A typical Nextflow setup on Saga involves three components:

  • A pipeline script (.nf) defining the processes and the workflow connecting them

  • Configuration files (.conf) controlling resources, paths, and cluster-specific settings

  • A wrapper script (.sh) that prepares the environment and launches Nextflow

Walkthrough: A Complete Example Pipeline

The following sections build a minimal pipeline step by step, explaining the reasoning behind each decision before introducing the corresponding code.

1. Telling Nextflow to Use SLURM and Singularity (nris.config)

By default, Nextflow runs processes locally, meaning heavy computation would land directly on the login node. To run on Saga properly, two things must be configured:

  • SLURM executor: Setting executor = 'slurm' causes Nextflow to submit each pipeline process as its own individual SLURM job. Without this, Nextflow falls back to the local executor and runs heavy processes directly on the login node.

  • Singularity bind mounts: Containers need access to your input files and output directories. Setting singularity.autoMounts = true handles this automatically; without it, Nextflow will fail to mount the working directory.

The nris.config below handles both and also routes jobs to the correct partition (normal, bigmem, hugemem) based on the requested memory. It contains no project-specific values and can be reused across pipelines without modification.

//nris.config

profiles {

  // Umbrella profile placeholder (for future clusters, e.g. Olivia)
  nris { }

  // Saga internal profile
  saga {

    // Header info and legacy nf-core limits
    params {
      config_profile_description = 'NRIS Saga cluster profile provided by nf-core/configs.'
      config_profile_contact     = 'support@nris.no'
      config_profile_url         = 'https://documentation.sigma2.no'

      // For older nf-core pipelines; align with resourceLimits below
      max_memory = 6040.GB
      max_cpus   = 64
      max_time   = 336.h   // 14 days
    }

    process {
      executor = 'slurm'

      // Upper bounds for nf-core auto-resubmission
      resourceLimits = [
        cpus  : 64,
        memory: 6040.GB,
        time  : 336.h      // 14 days
      ]

      // Auto-select partition by total memory and time
      // - normal: time ≤ 7 days AND memory ≤ 178.5 GiB
      // - bigmem: (time > 7 days AND memory ≤ 3021 GiB) OR (178.5 GiB < memory ≤ 3021 GiB)
      // - hugemem: memory > 3021 GiB
      queue = {
        def memGiB = task.memory ? task.memory.toGiga() : 0
        def tHours = task.time ? task.time.toHours() : 0

        if (memGiB > 3021) {
          'hugemem'
        } else if (tHours > 168 || memGiB > 178.5) {
          'bigmem'
        } else {
          'normal'
        }
      }

      // Retry behavior
      maxRetries = 2

      // Run tasks directly in Nextflow work dir (Lustre) to avoid ESPIPE on /tmp
      // beforeScript = 'export TMPDIR=/localscratch/$SLURM_JOB_ID'
      // scratch = true

      // Project account: pass with --account
      clusterOptions = { params.account ? "--account=${params.account}" : '' }
    }


    singularity {
      enabled    = true
      autoMounts = true
      cacheDir   = "/cluster/work/users/${System.env.USER}/singularity_cache"
      tmpDir     = "/cluster/work/users/${System.env.USER}/singularity_tmp"
    }

    executor {
      queueSize       = 50
      submitRateLimit = '10/sec'
    }
  }
}

Note

Nextflow requires strict Groovy formatting for resources. Use time=24.h and 1.GB instead of time=24h and 1GB.

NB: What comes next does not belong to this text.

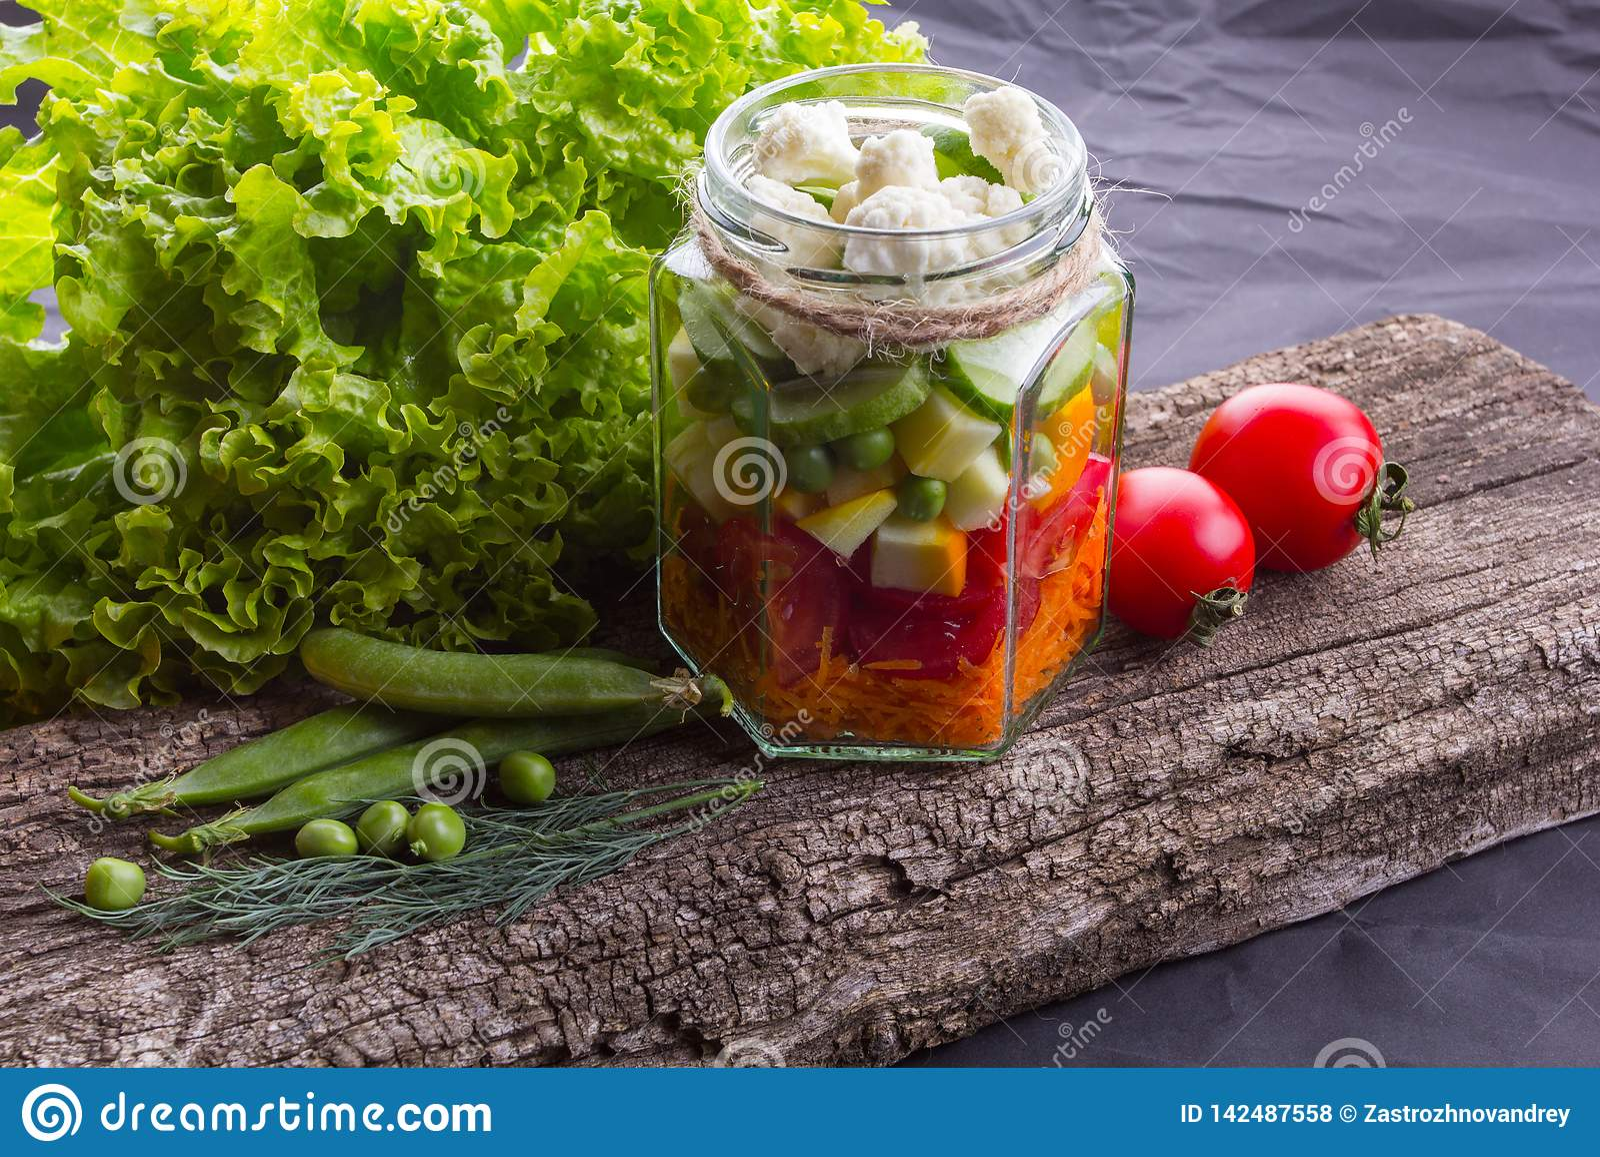 Salada do legume fresco com ervas em uma placa de madeira, fundo textured preto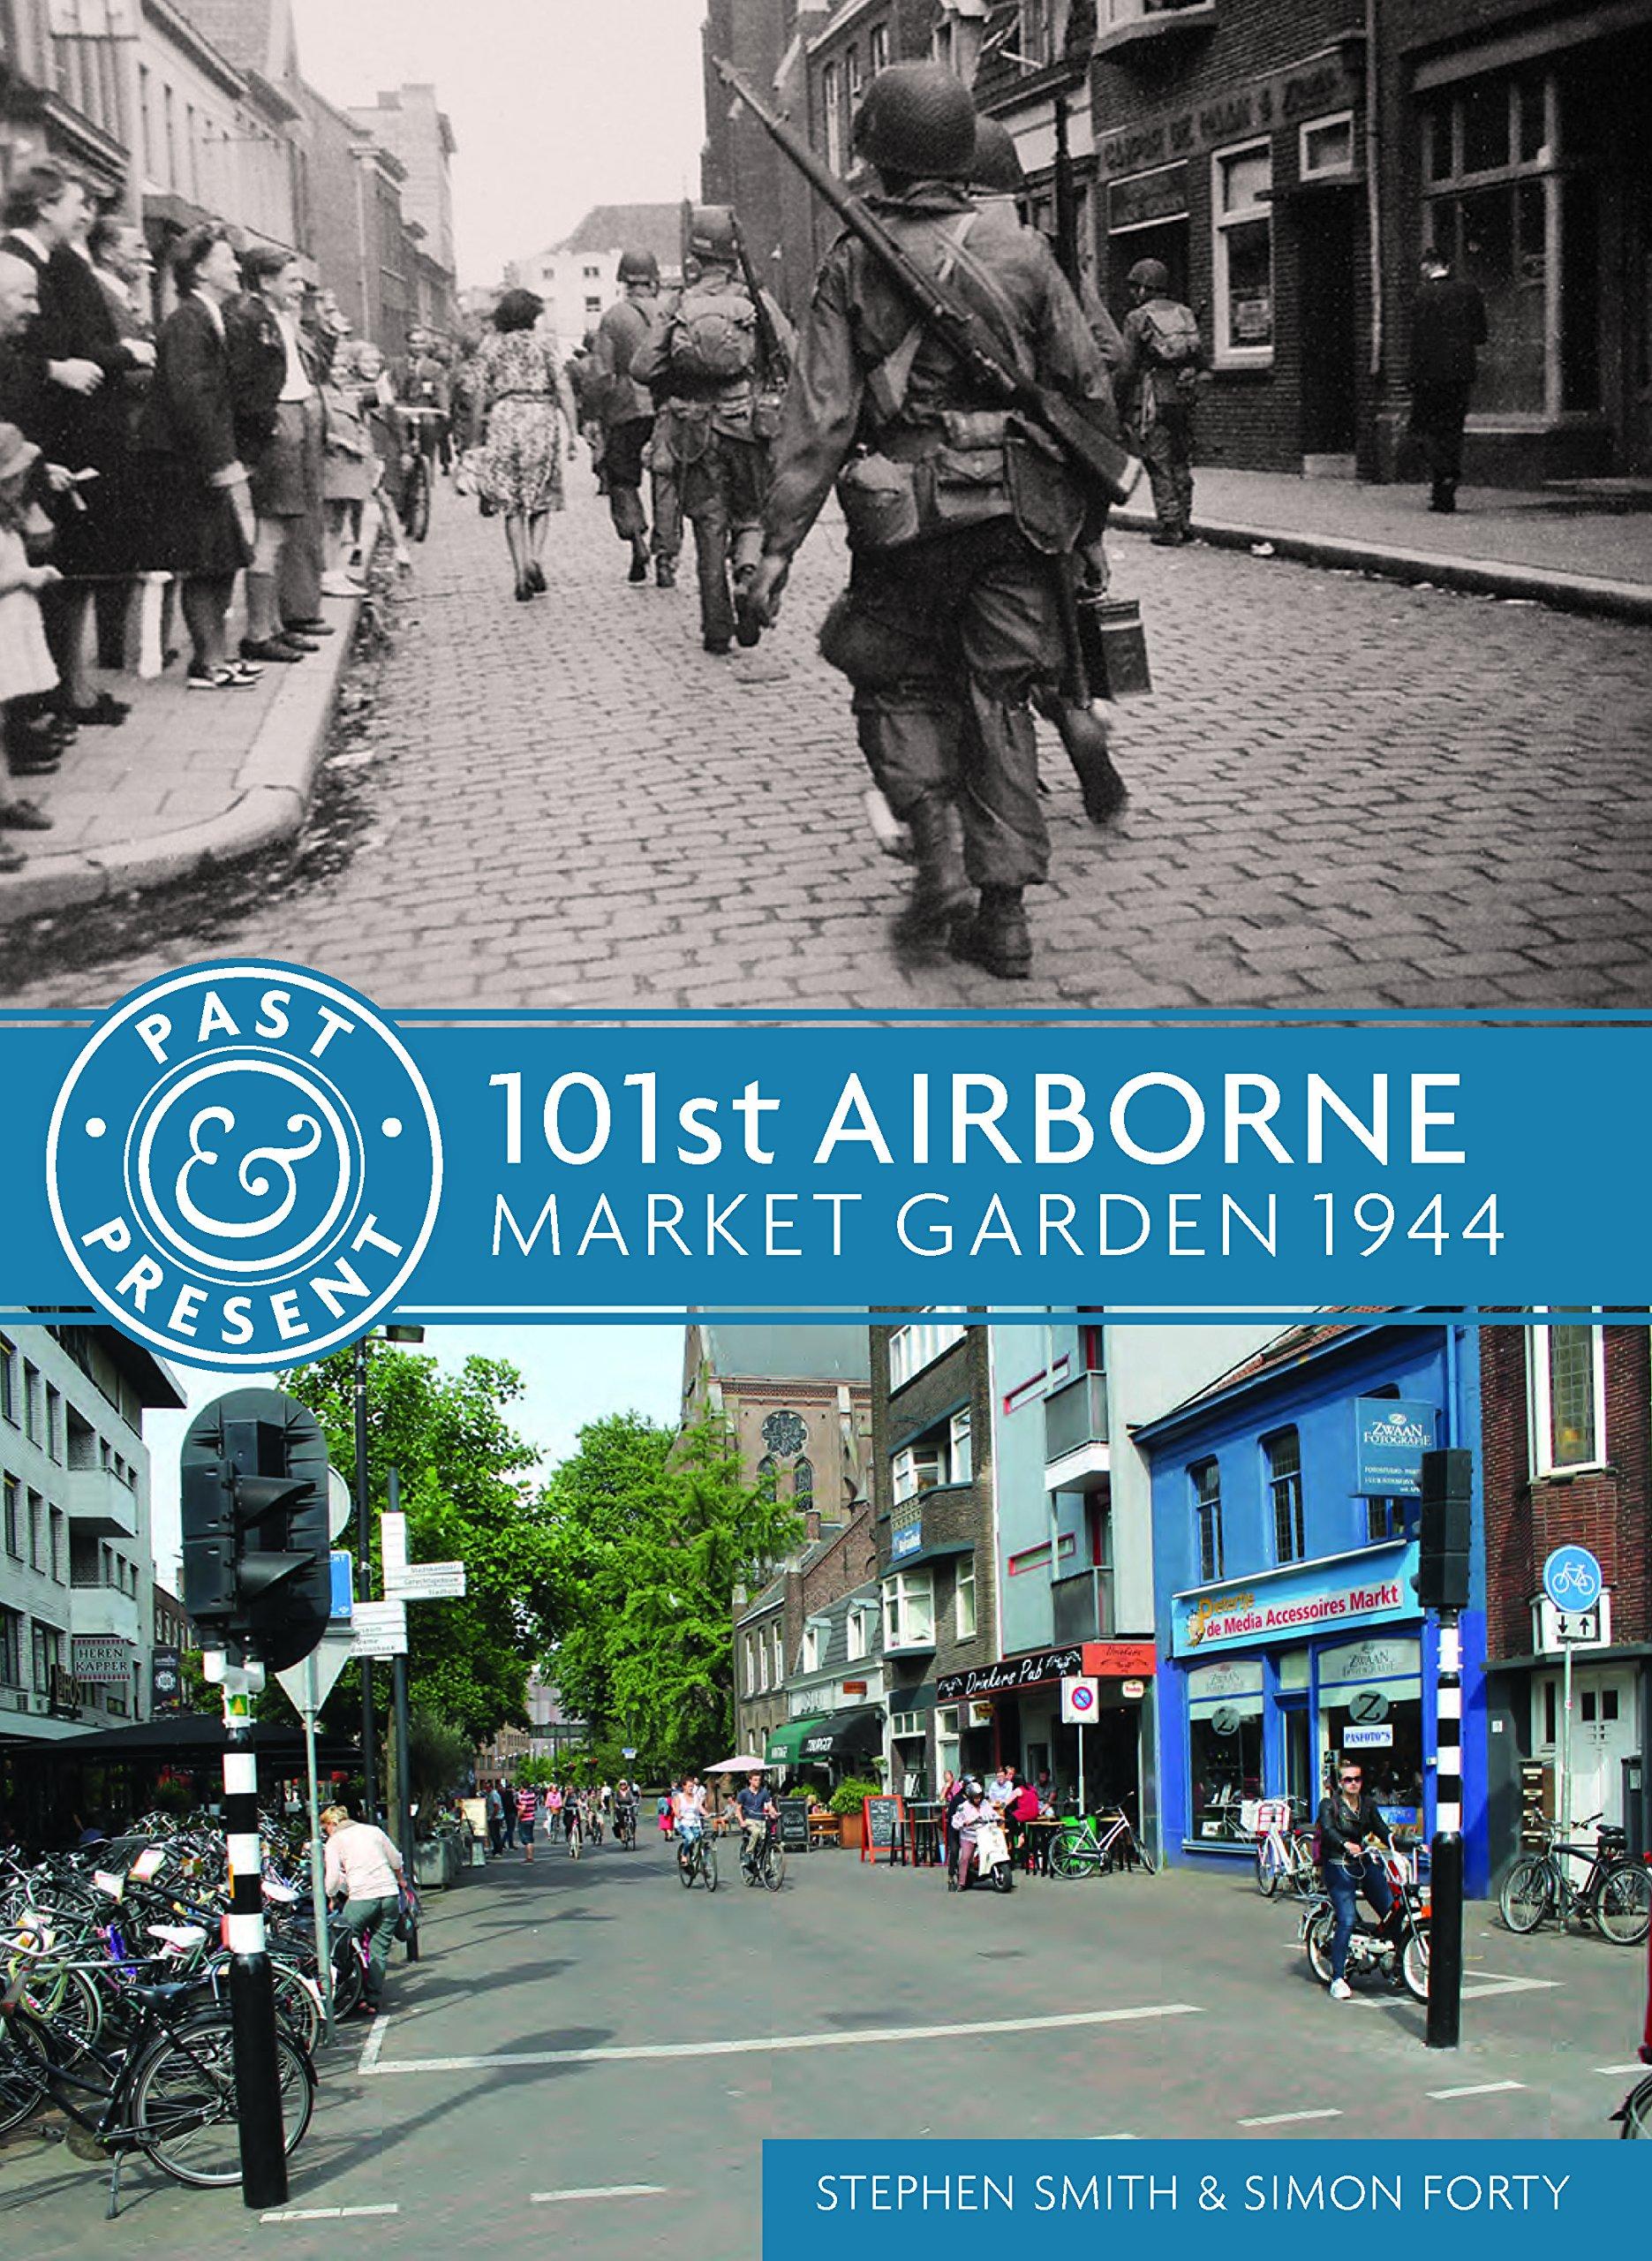 101st airborne market garden 1944 past present

2. Configuring Per-Project Resources (my_pipeline.conf)

This is the only file you need to edit in order to run the example pipeline: set account at the top to your project account number.

Two Saga-specific issues need addressing in your project configuration:

The /tmp limit: Node temporary directories on Saga are limited to 17 GB. Memory-intensive steps will easily overflow this, causing No space left on device errors. The solution is to route TMPDIR to your persistent workspace instead.

Login-node variable evaluation: Nextflow evaluates configuration on the login node before submitting jobs to SLURM. Shell variables like $SCRATCH therefore expand to null at submission time. Use System.getenv('USER') with explicit absolute paths instead.

Note

Always ensure your final output directory (params.outdir) points to persistent storage (like /cluster/projects/...). Do not use $SCRATCH for final outputs, or they will be deleted when the job ends.

Below is an example my_pipeline.conf that addresses both issues:

// my_pipeline.conf

// Replace with your project account number
def account = "<your_account>"

env.TMPDIR = "/cluster/work/users/${System.getenv('USER')}/tmp"

params {
    threads = 2
    outdir  = "/cluster/projects/${account}/my_results"
}

process {
    withName: qualityControl {
        memory = 2.GB
        time = 1.h
        cpus = 1
    }

    withName: dereplicateSequences {
        memory = 4.GB 
        time = 1.h
        cpus = params.threads
    }
}

singularity {
    runOptions = "--bind /cluster/projects/${account},/cluster/work/users"
}

report {
    enabled = true
    file    = 'execution_report.html'
    overwrite = true
}

Note

The report block instructs Nextflow to automatically generate execution_report.html when the pipeline finishes. This report is essential for checking the actual peak memory (peak_rss) used by each task, allowing you to optimize your resource requests for future runs.

3. Defining the Pipeline (bio_pipeline.nf)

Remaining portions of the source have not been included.